First, in week 1:  I think the individual variation in performance in wk 1 was large enough to dominate any strong body weight relation.   You might say that the 100 and 105 pounders were crushed, and there may be some truth to that, but I'm not greatly confident here because the numbers are pretty sparse.  I could generally see how it makes sense though.  The power snatch Rx weight for Wk1 was 55 lbs, which might have been difficult to sustain for the lighter ladies.

For week 2 -  Interestingly, average workout 2 performance had a  gradual downward trajectory from left to right, which suggests to me that the box jumps/push ups were, compared to the boys, more difficult than the deadlift part of the workout.   I'm not too sure what to make of the elites, which were up and down in seemingly no real pattern.

Overall, through wk 2 I'd say the open has been fair throughout the weight classes on the women's side.  Now through week 3, I'd guess the circumstances are about to change drastically!

Tuesday, April 5, 2011

An ideal CrossFit weight (for men)?

Ooooo, good stuff today.   All the athletes have submitted scores for week 2, which means tons more data.  Logistically, I should be able to make plots a little quicker because I shouldn't have to reacquire all the personal data (weight, height, region) from everybody again.

The crossfit open doesn't use weight classes, and the argument put forth has been something along the lines of, "The workouts have all been balanced so heavy weight (easier for heavy people) are balanced with body weight exercises (easier for lighter folks).  Is that true?   Let's look at some data.
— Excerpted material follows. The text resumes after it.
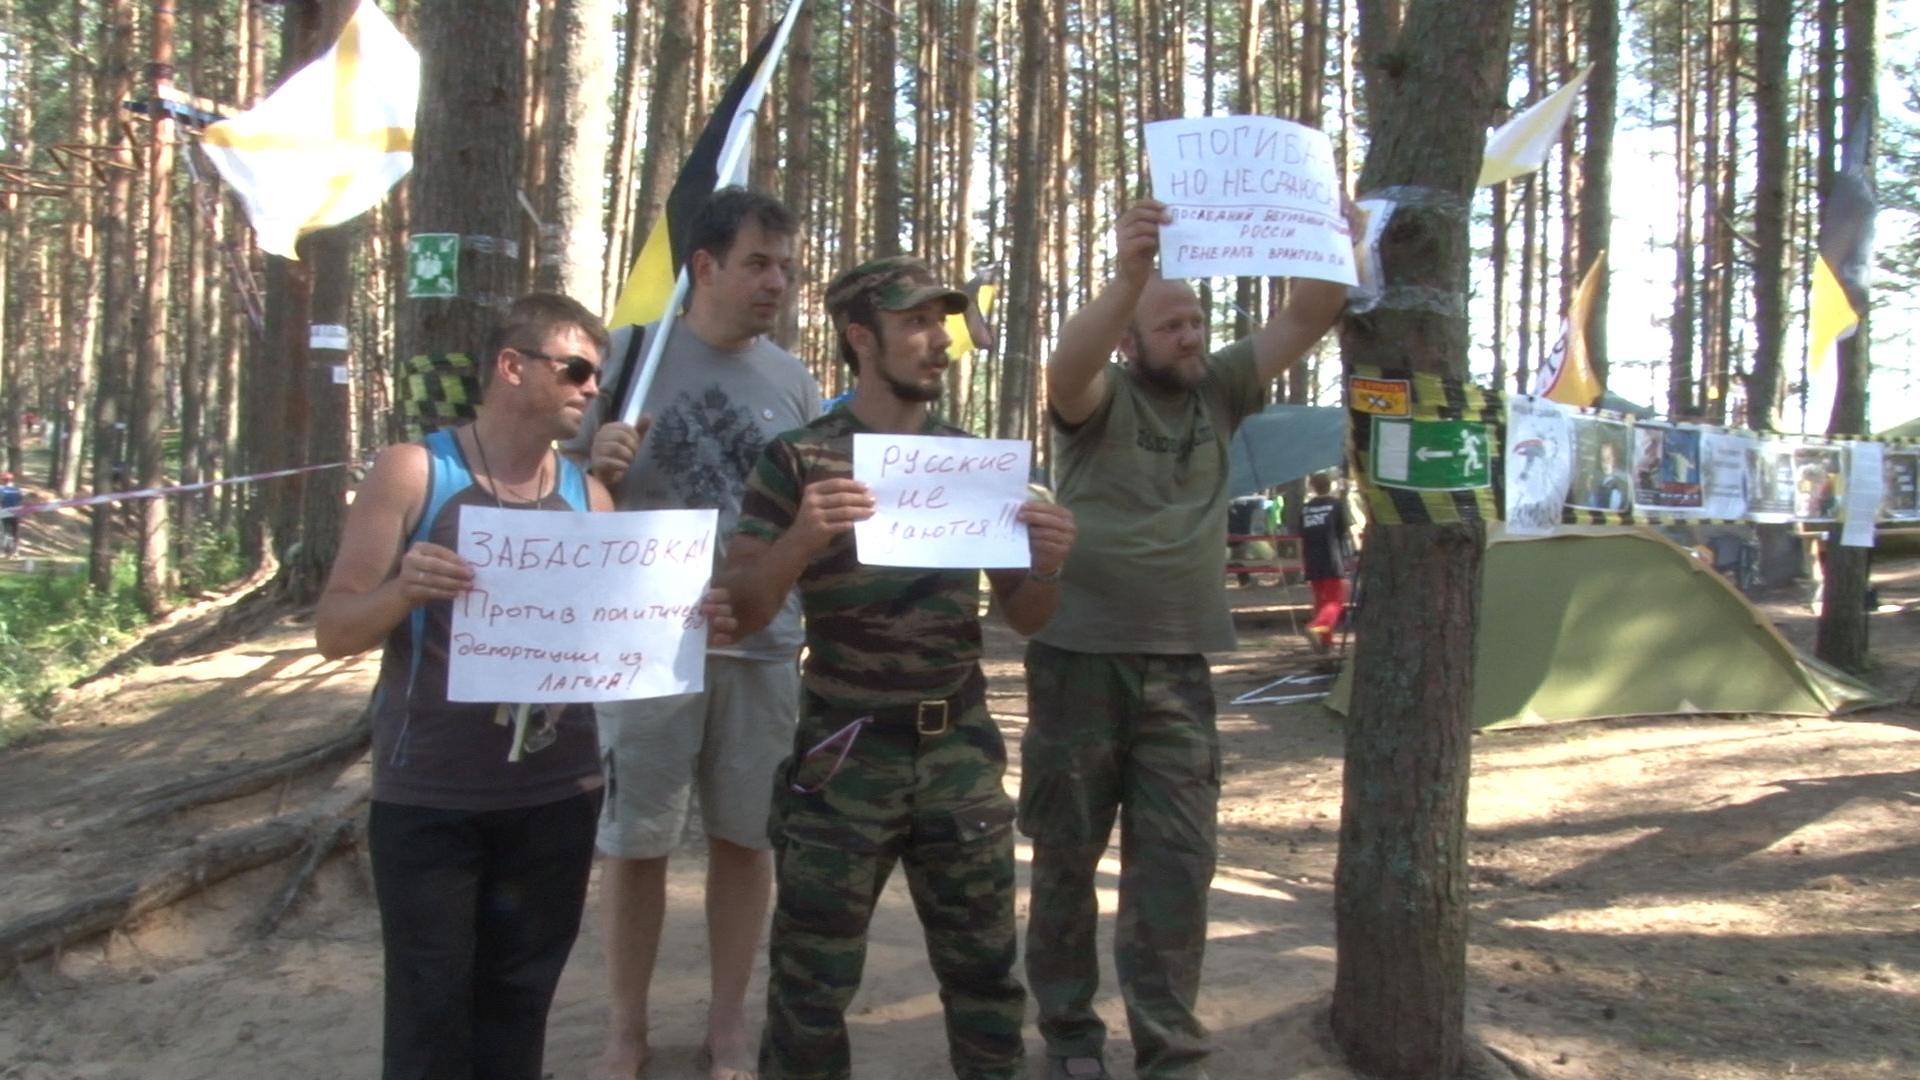 Бунт националистов на Селигере перед приездом Путина #селигер2012

The blue line represents the 'elite' or the top 10% of athletes for a given weight (5 lb increments).  The red line is the overall average athlete for a given weight.

Plotted is the performance of athletes across weights for workouts 1 and 2.  To explain further - I have grouped athletes according to their weight (in 5 lb increments), and plotted the mean performance of those athletes.  'Average' athletes in a given weight are plotted in red, and 'elite' althletes, or the top ten percent of athletes in a given weight, are plotted in blue.  For reference, I have also included the cumulative percentile score chart on the right, since that information isn't immediately obvious on the open website.  If you wanted to quickly see where a score of 200 ranked on workout 1, you would go directly up from the bottom axis at 200 until it crossed the 'S' shaped curve.  From that point, going directly left to the axis will give the percentile score, which in this case is around the 30th percentile.

For workout 1, the curves go up from a weight of 140, peak at 185, then head downward.  Does this make a huge difference?  I think for average athletes the answer is yes.  An 'average' 185 open athlete bested 20 percent more people than his 'average' comrade weighing in at 230 lbs, translating to an overall rank difference of over 2000 people!

What about for elite athletes?  The mean percentile scores for 140, 185, and 230 pound elites were all in the top 10% of total scores, so I think weight wasn't too much of an issue for those folks.  The overall pattern is the same though.

As an aside, why should we care about the 'elite' catagory of athlete?   Given that there's 17 total regions, and 50 athletes that move onto the regionals (total 850), I would argue that the top 10% of athletes (~1100) should stand a reasonable chance at moving on to the next round of competition.  Understanding patterns in these athletes should hopefully tell us in the future what's important for the open.

It's good be a 180 pounder so far!

The circumstances change a bit when you look at workout 2.  Everybody, say over 220 pounds, should have screamed a collective Bender favorite, "We're boned!"   Yikes the heavier people were punished on this exercise,  no matter if you were an average athlete or an elite one.   In the elite category, the difference between an average athlete at 180 lbs and one at 230 was a crazy 19 percentile points.  Another stat, no person weighing above 220 lbs cracked the top 5% of scores.   I don't know how that will translate into a real effect at the end of the open, but if this trend continues I wouldn't be surprised if there weren't many 220 pounders that make it to Regionals.

So to answer the question, in there an ideal CrossFit weight for men?  So far in the open, the athletes around 180 pounds have had it pretty good.  There's still 4 workouts to go, so circumstances could change...

Analysis for the women will hopefully come next!

Friday, April 1, 2011

April 1st - First analysis

So one might ask, how does my week 1 performance predict my week 2 performance?   From a correlation standpoint it's actually pretty good, as one would expect.  The elites are still elites and less elite (such as myself) are still not elite.  If you haven't done wk2's exercise quite yet, you can use the plot to plan some sort of pace.  Of course you should try as hard as you can, but the plot might allow you to set some goals from the outset.

Correlation is around 0.7, for people wanting to know.
Part of doing this analysis was wondering if my meager weight might have something to do with my pitful performance in wk1.  While we can't all be Chris Spealler, I figured being a buck40 didn't do me any favors.  Not so.  There's almost zero relationship between weight and wk1 performance.  What correlation ther is most affected much heavier competitors.  Probably those double unders.

Correlation: -0.05

The weight issue, though, in week 2 becomes interesting.  While the data is all over the place, it looks like performance increases from low to about 180, but performance takes a hit after that.  Maybe the box jumps get harder for heavier folks?

Because of the larger penalty as things get heavier, correlation is -0.2.  Clearly the relationship is more complicated if you look at the plot though.